On the fluke that gave him his start…“Junior year of high school I realized I had no thing for ballet. I was ready to transfer into the theatre department. It was the only way I could stay at the Chicago Academy for the Arts if I wasn’t dancing. But then this kid comes up to me and he says, ‘Man, I saw this real cool photo of you,’ [a] picture of this guy who looked a lot like me but his back’s turned. It was dance in motion. It was amazing. I looked him up and it was Clifton Brown who was with Alvin Ailey. I had never seen anybody dance like Clifton; he was moving like what I thought dance should be. It wasn’t so stiff and up-and-down the way ballet is. He moved in the way you might hear a song.”

On meeting his idol…“Clifton was a freshman at Fordham when he was asked to join Ailey’s first company. They toured nine months of the year. It was remarkable. That never happened. I [saw] him when Ailey came to Chicago. I was blown away. Everybody calls the pieces they did back then dated, but I was just a kid, and I saw that people were really responding. Clifton walked onto the stage and he looked like a god. When I met him in an alley after the show, he’s got glasses [and] braces. He’s the biggest nerd I’ve ever met, but I looked at him and I said, ‘You’re the reason I do what I do.’”

On the foundation of the Preston Miller Project… “Sophomore year, I saw that a lot of choreographers were starting their own companies. Every one of them said my company is different, and the content was different, but it was the same way of speaking to people. I remember being in a room on Clifton’s birthday, and I look around, and there are legends. I thought, if all these people came together and did something nobody had ever seen we could turn New Y ork City out. That’s when the wheels started turning.”

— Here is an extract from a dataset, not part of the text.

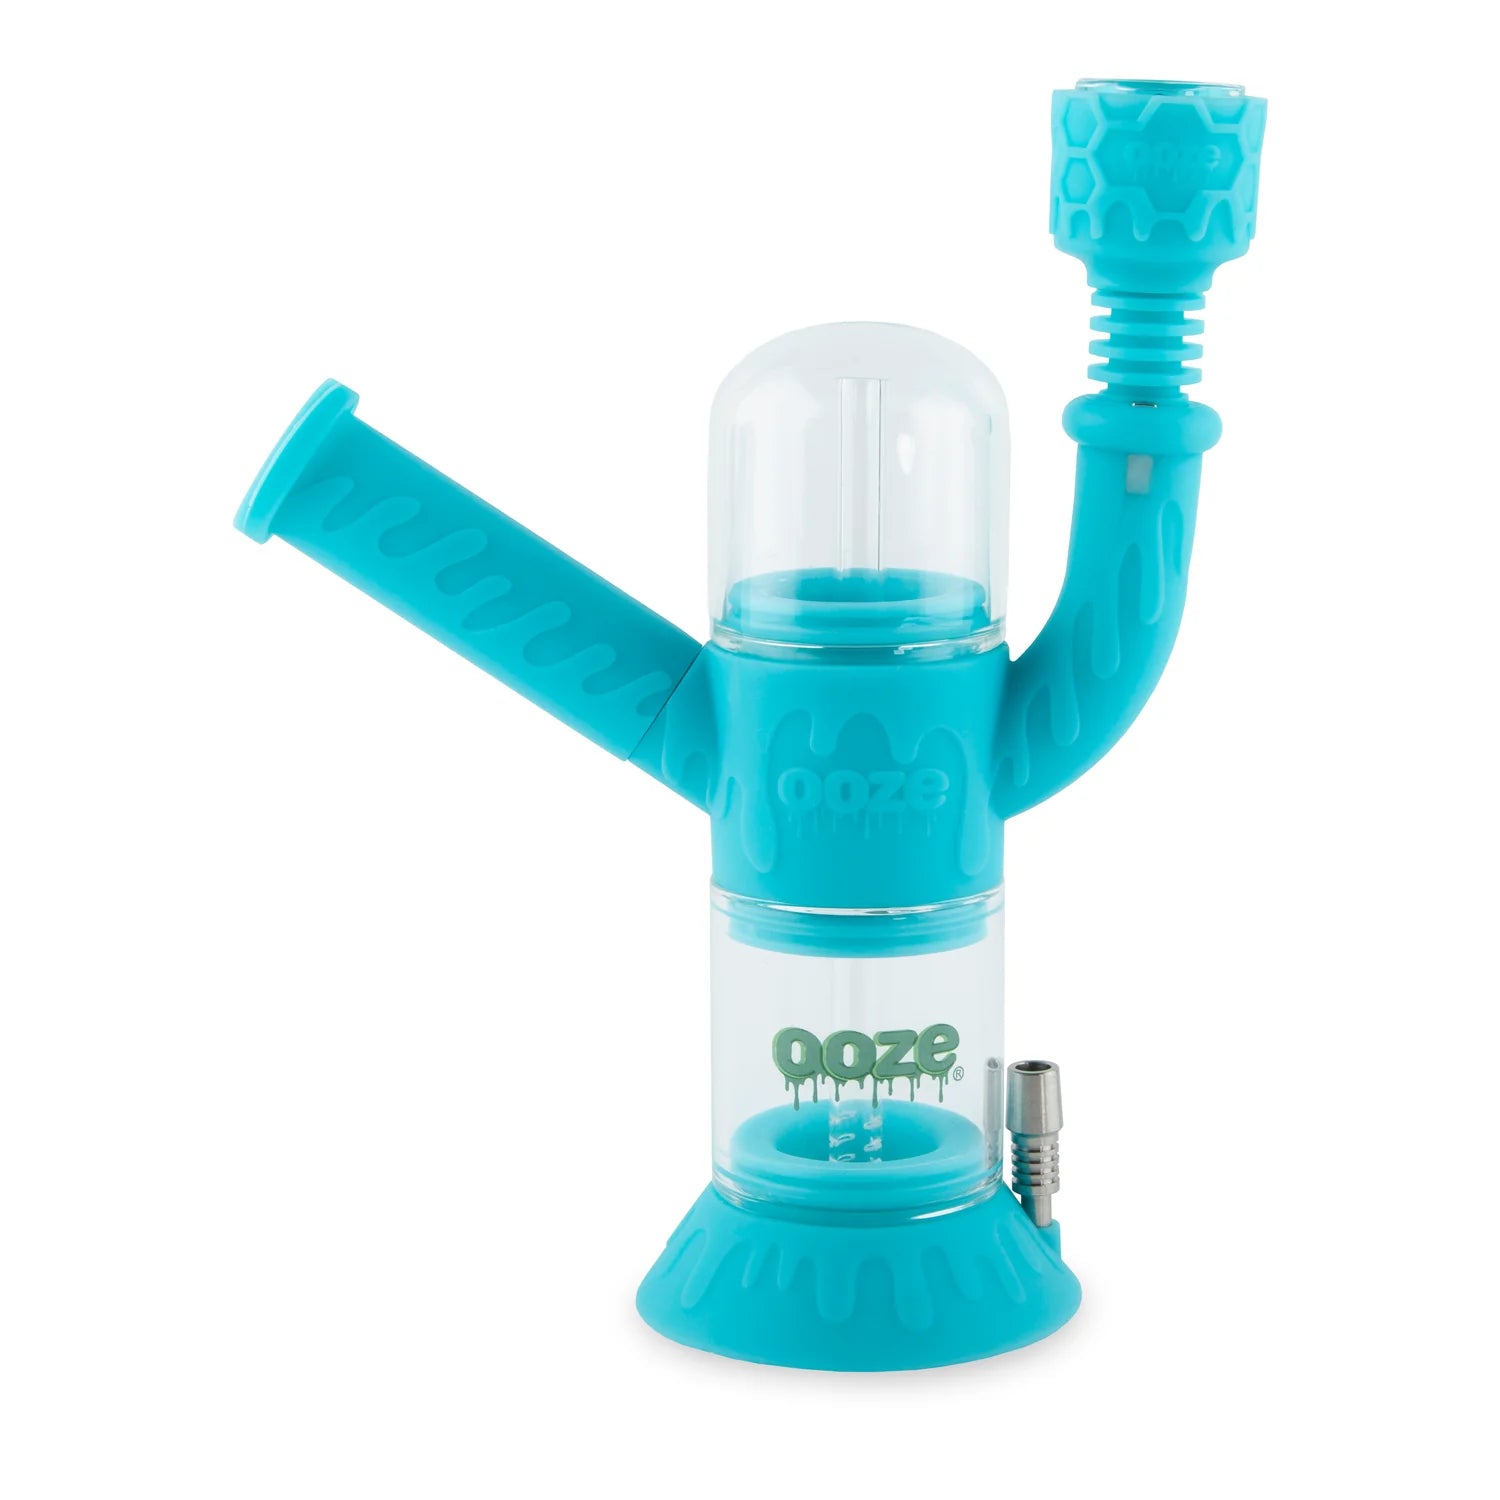 OOZE CRANIUM SILICONE WATER PIPE & NECTAR COLLECTOR Aqua Teal

On his first project… “I took this dancer from Ailey, and this kid who had like 500,000 views of him dancing on the street, a hustler with no formal training. The photo shoot was terrible because we had no vision. But what happened was this incredible exchange of ideas. The moment they shared was amazing. After that I wanted to get the biggest dancers and the biggest companies to create a collaborative experience.”

On his transition to choreography… “I went to the offices at Ailey and asked them if I could be the first choreography major. They weren’t excited about losing a male dancer, but I auditioned with the piece they’re performing on March 3 and they loved it. Junior year was one of the hardest years of my life; I took all my classes but performed in nothing. On top of that, the chatter at Ailey was that I was lazy, that I didn’t want to put in the work to be a dancer. I knew that my senior showcase had to be unlike anything they had seen.”

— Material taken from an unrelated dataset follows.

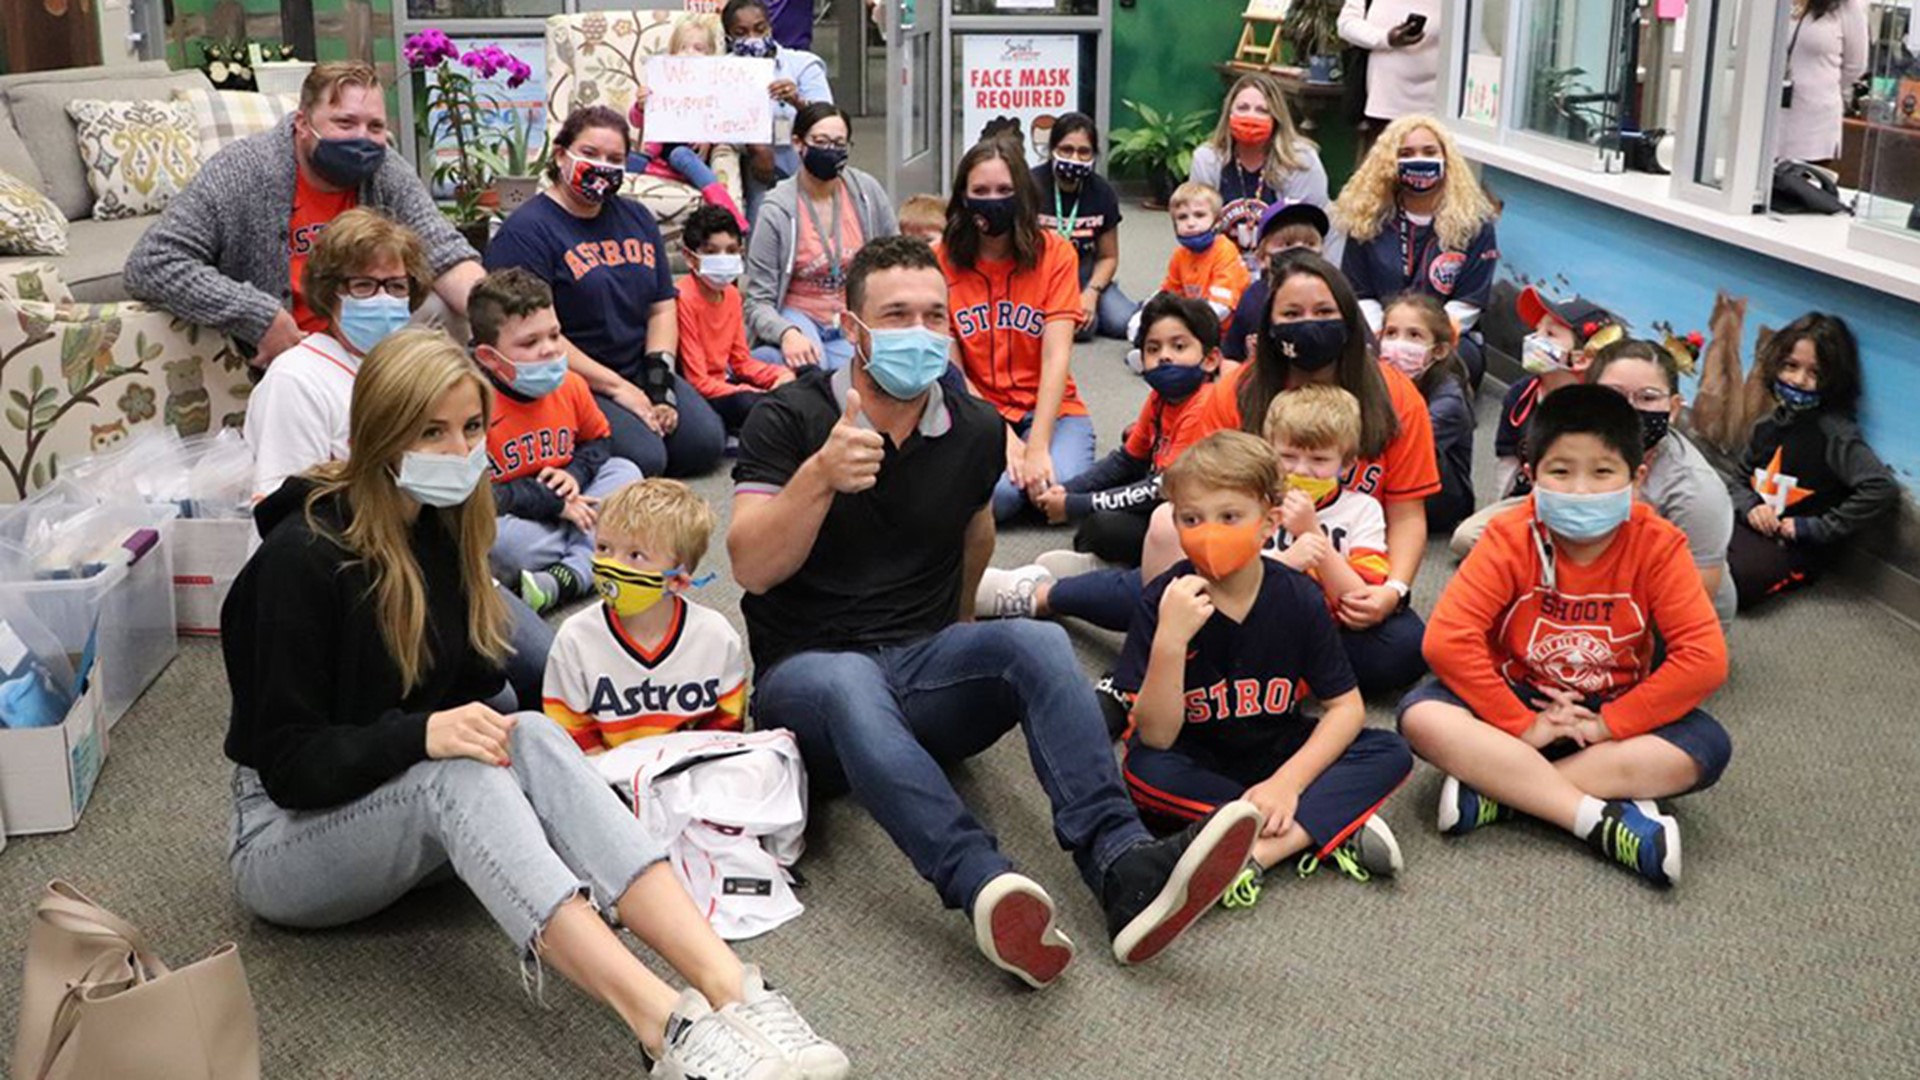 Astros third baseman Alex Bregman knocked it out of the park with Katy ISD students when he dropped off dozens of free iPads donated by his charity.

On his biggest night… “I brought in my own lighting designer and stage manager. I did what I knew was going to be controversial, and I used dancers from Ailey’s first company. It was ballsy, asking adults to be in a student show, but these were adults I knew, like Clifton. I asked Wynton Marsalis and he wasn’t able to come out, but his drummer Ali Jackson made it from Jazz at Lincoln Center. Then I took it a step further and got Josh Johnson, one of the most amazing dancers I had ever seen. Every world I had networked in converged that night.  Judith Jameson, the artistic director at Alvin Ailey, came up to me before the show even started and she said, ‘Congratulations.’ I said, ‘For what?’ She said, ‘Whatever happens tonight is going to be worth it.’ That opened an amazing door for me. It was kind of a coming out for the Preston Miller Project.”

On having his piece “The Glory” performed at Alvin Ailey… “It’s always nice to be invited back home. It was incredibly humbling because I remember looking up to a lot of [the performers] as dancers. I knew at any moment they could tell me what I was doing was wrong and they would be right, so it kept me on top of things.”

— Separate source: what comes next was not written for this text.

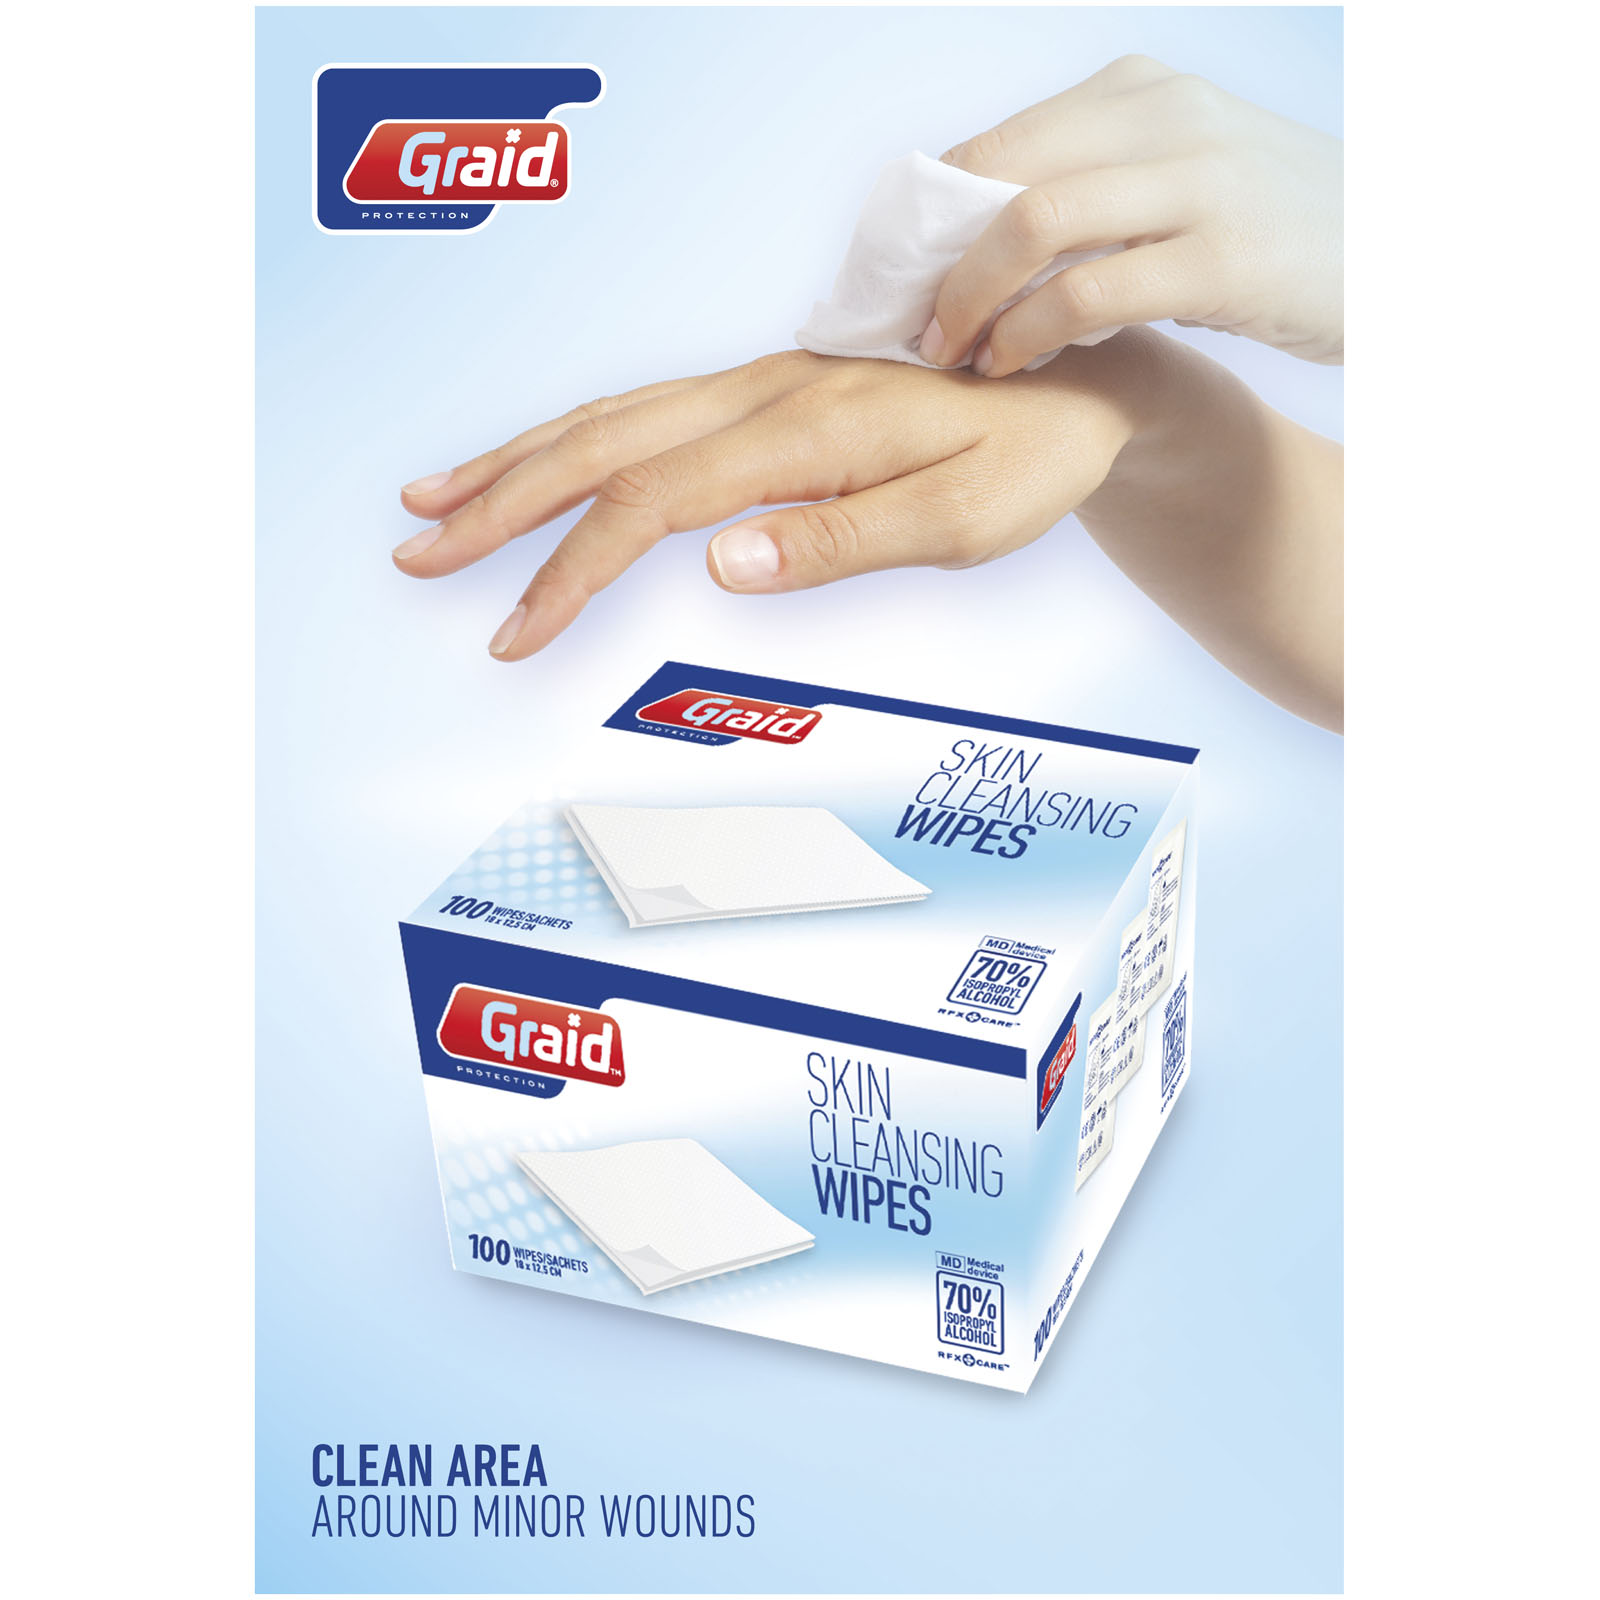 AluClean Wipes - Meopham - Greystoke

On the future of the Preston Miller Project… “I want to create films similar to those [that] Gene Kelly or Fred Astaire used to make: eight-minute-long shorts that tell a story using the most recognized dancers in the world. We’re trying to create an intelligent product, as opposed to the watered down commercialized one you see on television. We’re shooting four dancers [for] our first film. I can’t reveal who they are yet, but they’re high profile. I’m really excited about it.